■ **EXERCISE DESCRIPTION**:
Starting with the line that holds "Technology Checkout Program" and stopping after the line that holds "PONTO COMERCIAL 02", repeat the lines below word for word, without the pictures.

■ **MATERIAL SUPPLIED**:

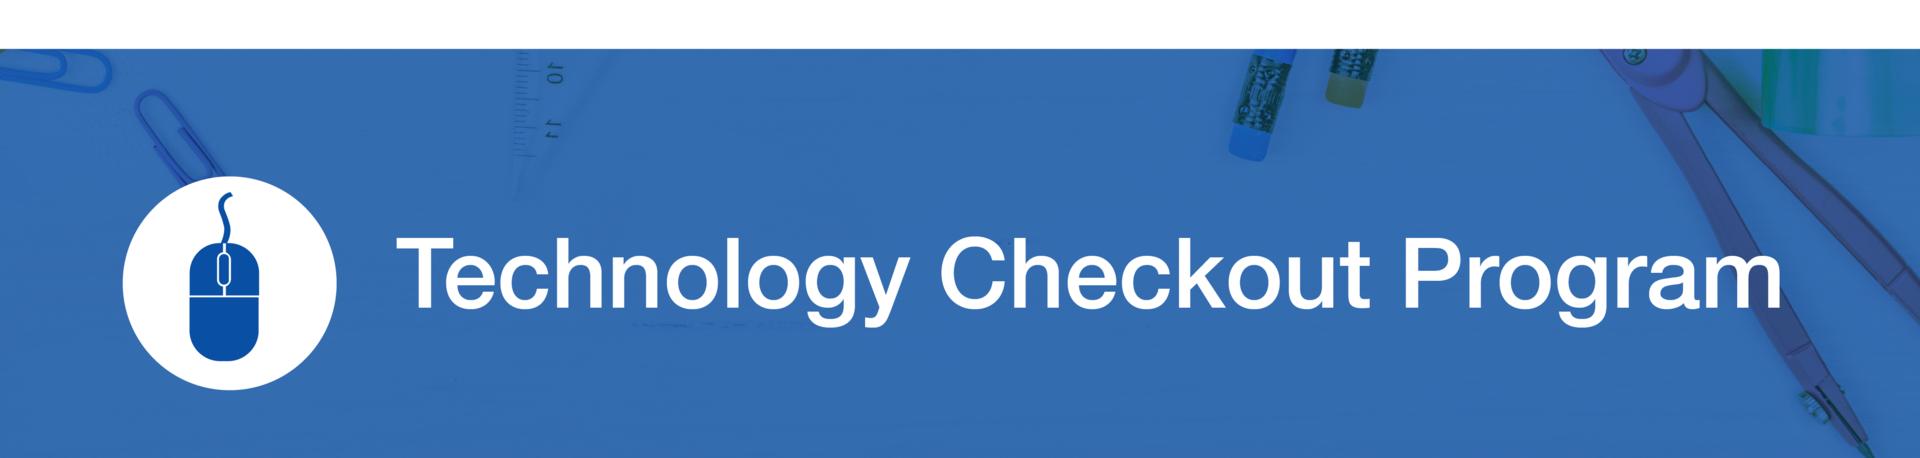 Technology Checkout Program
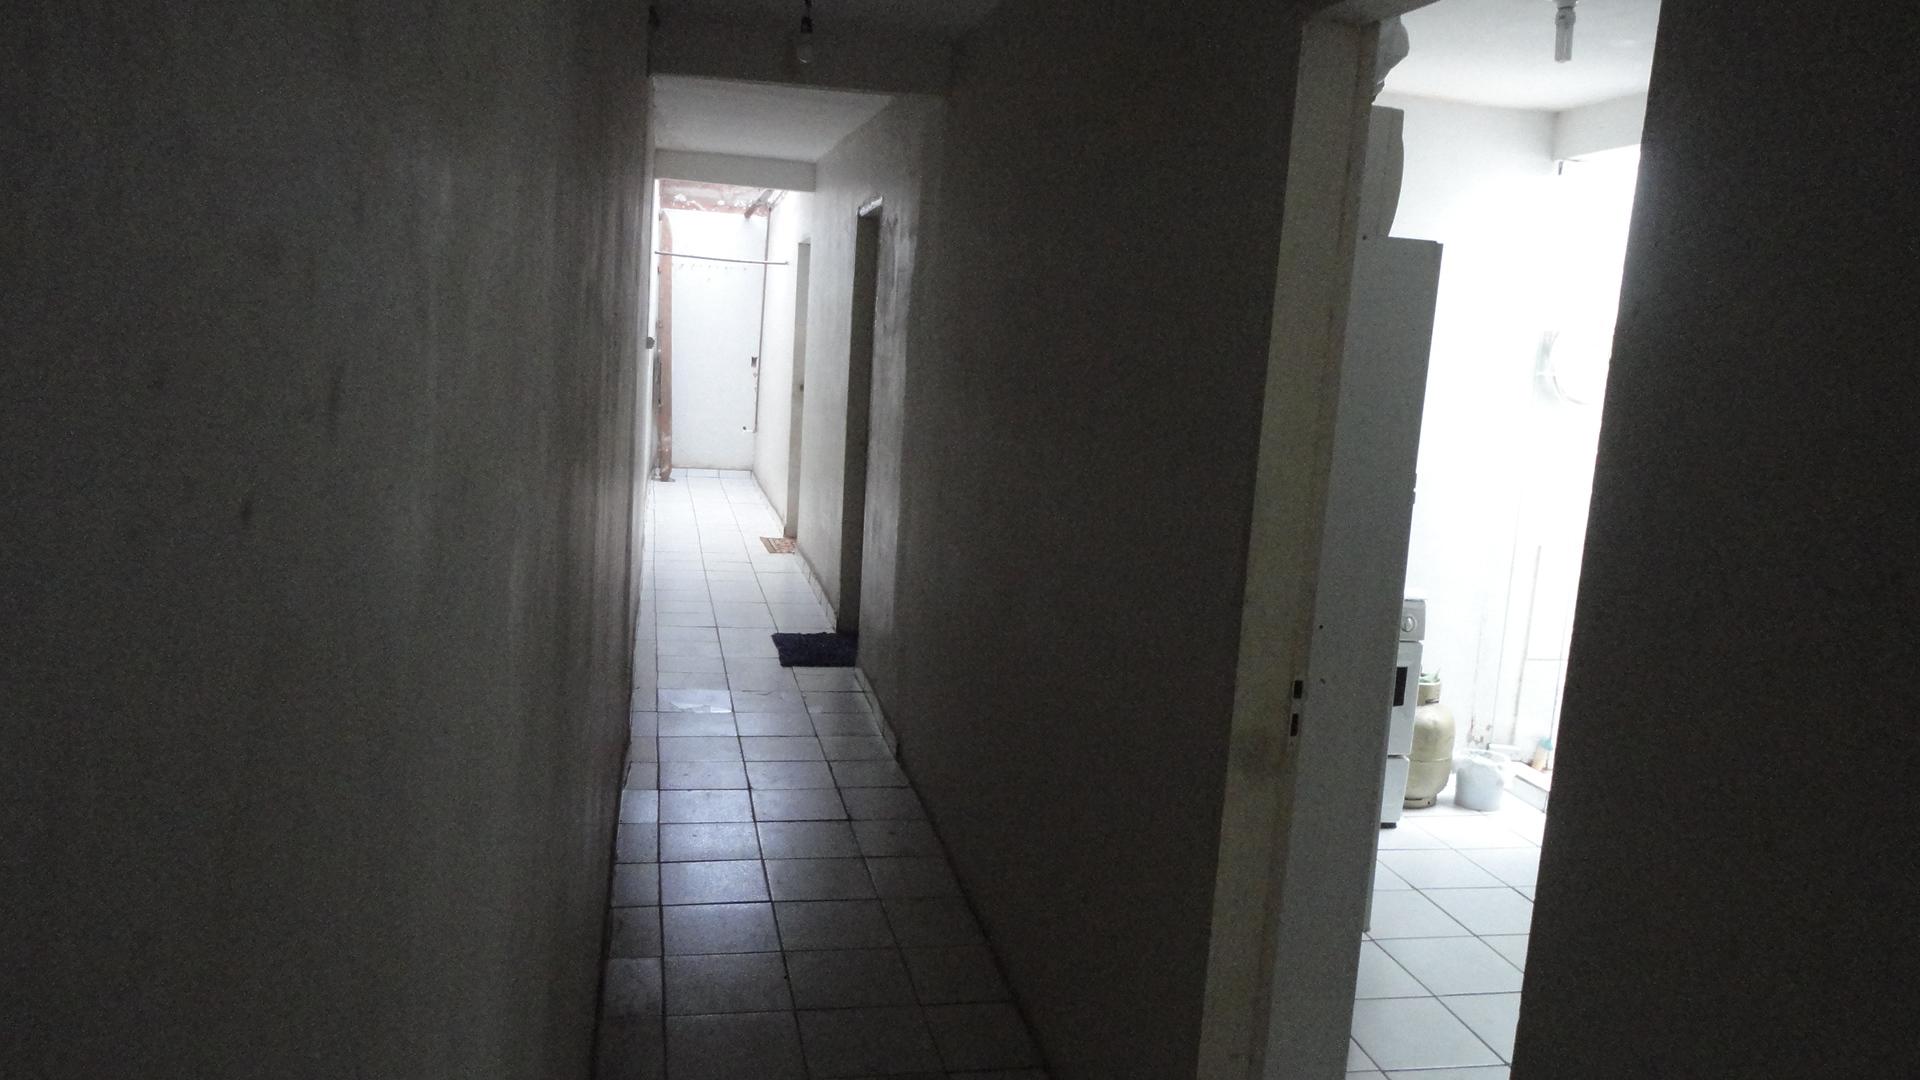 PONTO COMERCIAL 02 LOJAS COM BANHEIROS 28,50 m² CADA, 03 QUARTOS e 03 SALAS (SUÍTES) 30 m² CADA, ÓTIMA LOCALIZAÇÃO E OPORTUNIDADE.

---

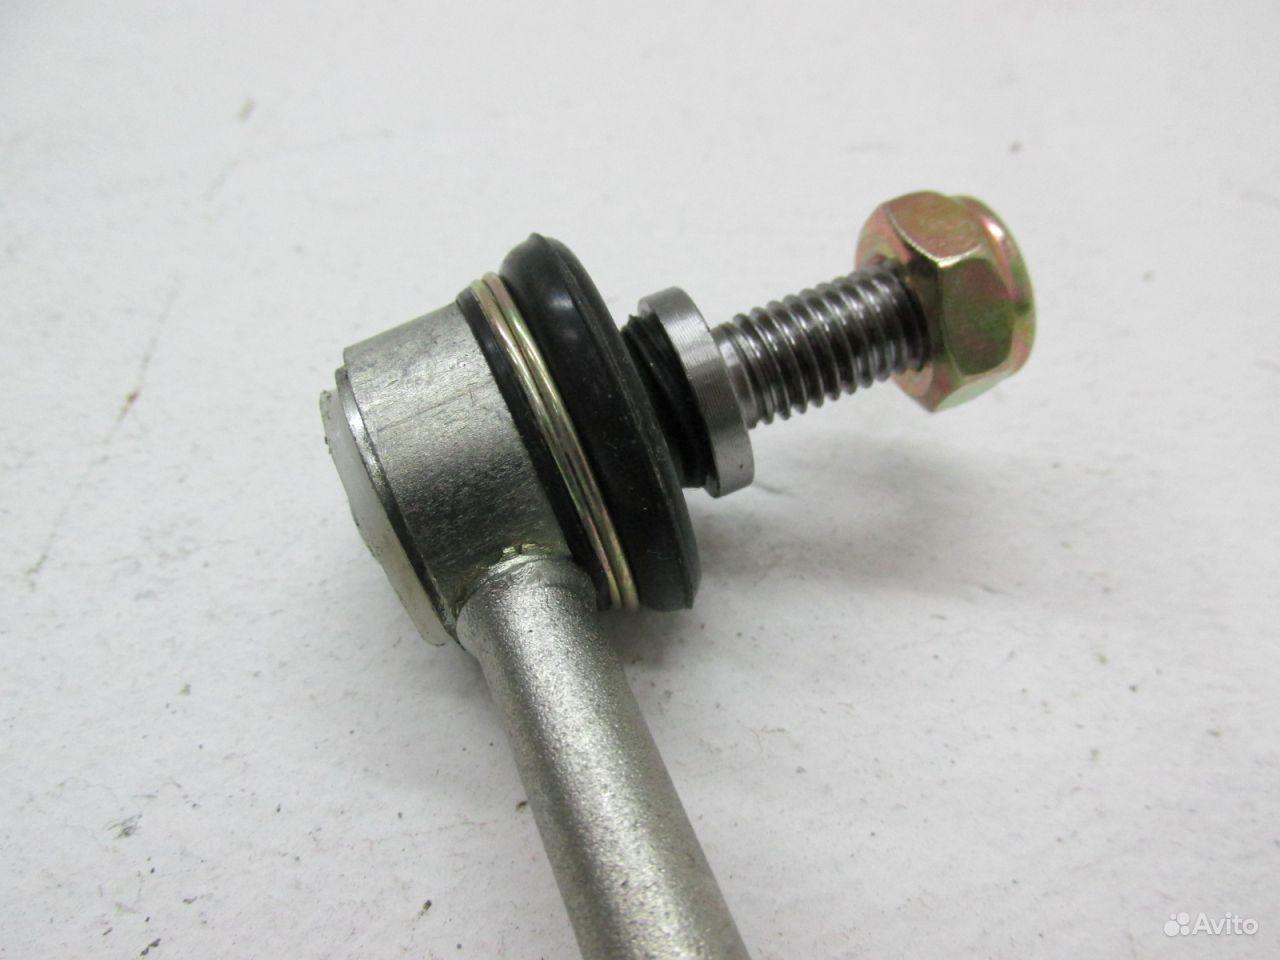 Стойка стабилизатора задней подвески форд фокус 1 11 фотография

--

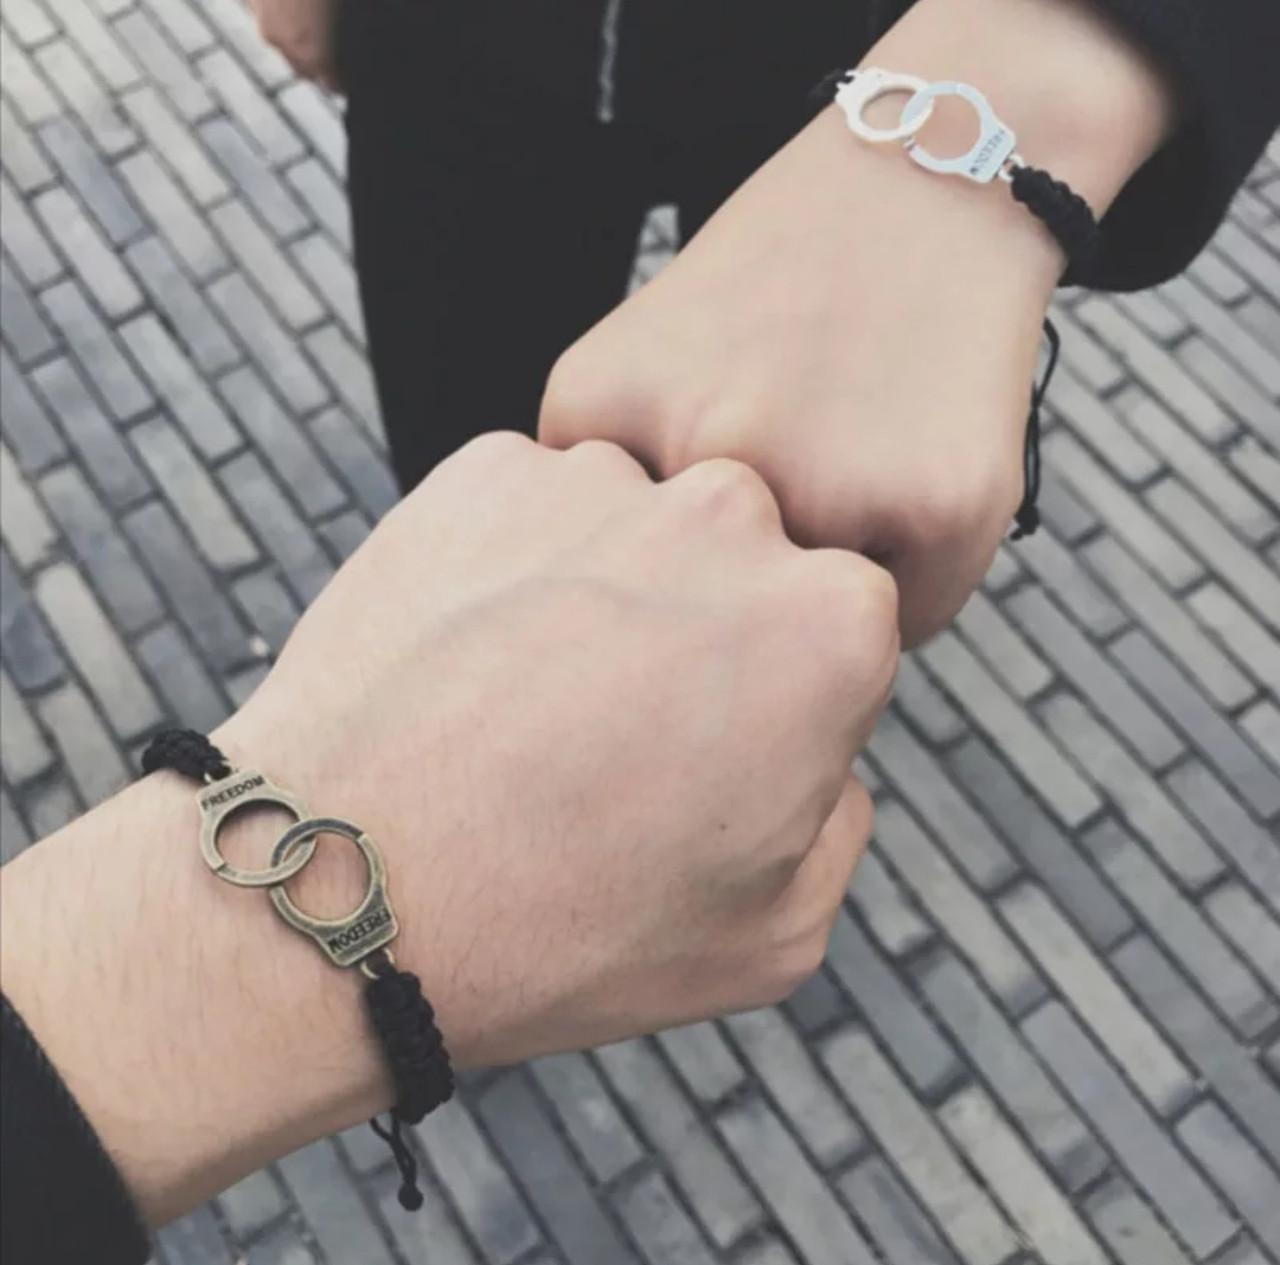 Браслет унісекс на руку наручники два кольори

■ **YOUR RESPONSE**:
 Technology Checkout Program
 PONTO COMERCIAL 02 LOJAS COM BANHEIROS 28,50 m² CADA, 03 QUARTOS e 03 SALAS (SUÍTES) 30 m² CADA, ÓTIMA LOCALIZAÇÃO E OPORTUNIDADE.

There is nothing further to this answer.